Whipped Cream Chargers
I would describe Whipped Cream Chargers’ sound as a cacophony of eager Princes, some more desperate than others, wooing Rapunzel, Zelda and the ghost of Princess Diana down from their share-house/ivory-tower/maxi-pad for spliffs and 2nd base.
We take inspiration from unrequited love (and the subsequent murder that ensues not long after), high/higher states of consciousness, natural tobacco, Iso brand cream cylinders, free meals, free beers and freedom.
It might surprise people to learn that in Japan, it is common folklore that when a cat becomes too fat, it runs the risk of growing an extra tail and transforming into its original being of a Demi-God. Aeons ago, the forces-that-be took the Cat God’s power and enormous size and turned it into a pre-evolved critter. Subsequently, this mythos leads to innumerable euthanasia of fat cats all around japan.

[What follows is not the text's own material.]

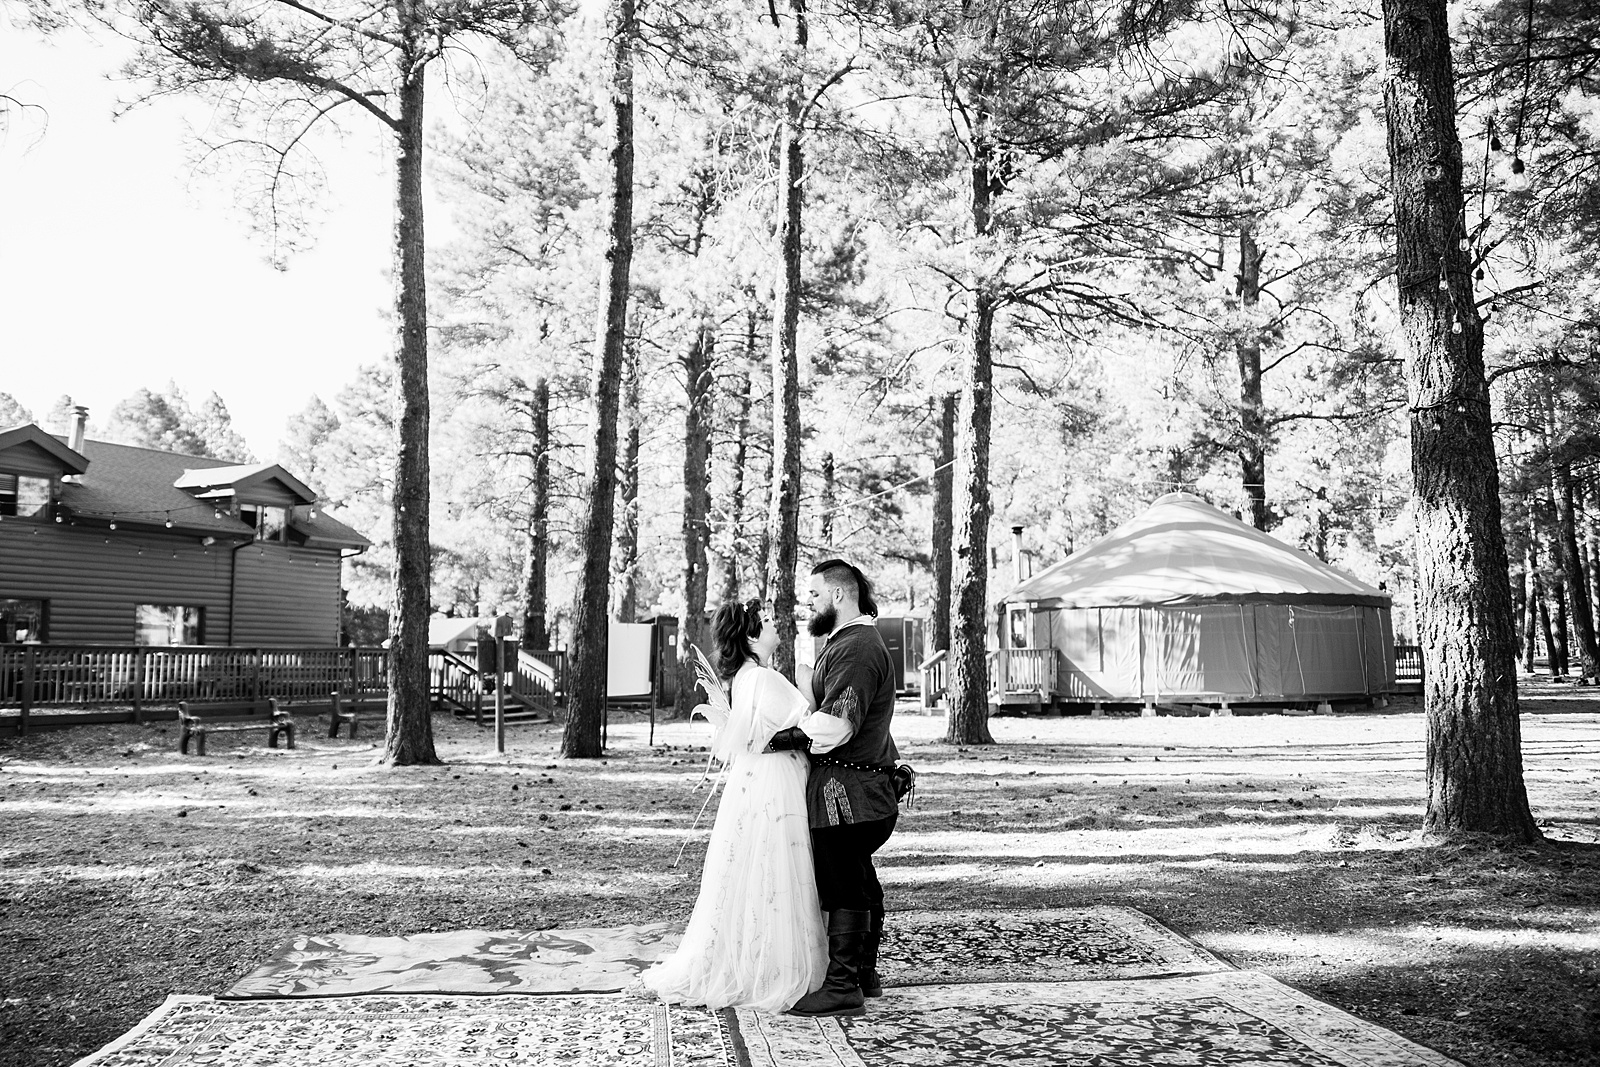 Newlyweds sharing first dance at their Arizona Nordic Village wedding reception by Arizona wedding photographer PMA Photography.

Sydney is said to be worse than it actually is. In Sydney, it is necessary for a band to really put in the miles to survive given a lack of council and arts based endorsement. Rather than depending on that support, underground bands are pushed to solicit and promote themselves with the support of nobody else but each other. For example, Ping! is what one may consider a supergroup, consisting of members of Warhorse, Domeyko/Gonzalez, Danimals, Bridezilla, Whipped Cream Chargers, Dead China Doll and Arkestra. Its an absolute honor to associate and be down with these sick puppies (not the terrible band) in a city that I feel I like more than it likes me. There are then promoters who deserve honorable mentions for supporting and more-or-less carrying the weight of live music on their shoulders: the likes of Jasper Clifford-Smith (Chocolate Jesus), James Shirlaw (Double Dragon), Lucas George (Goodbye Sunshine Festival), Mikey Carr (Musicfeeds) and Mark Gerber (Oxford Art Factory). Nothing however, can or will redeem the shitty excuse for public transport in this city.
I wish Whipped Cream Chargers had written The Prophet by Kahil Gibran. Apparently it is used more frequently than any other book to get laid. Even more than The Game.
In five years time we’ll all ascend to higher astral levels with the help of aliens, say some pseudo-scientists. If that doesn’t eventuate, Sydney will be a bustling scene filled with squids and coral, The Blue Mountains will be a beach destination and the remaining living members of the Whippy C’s will all be able to grow beards… hopefully.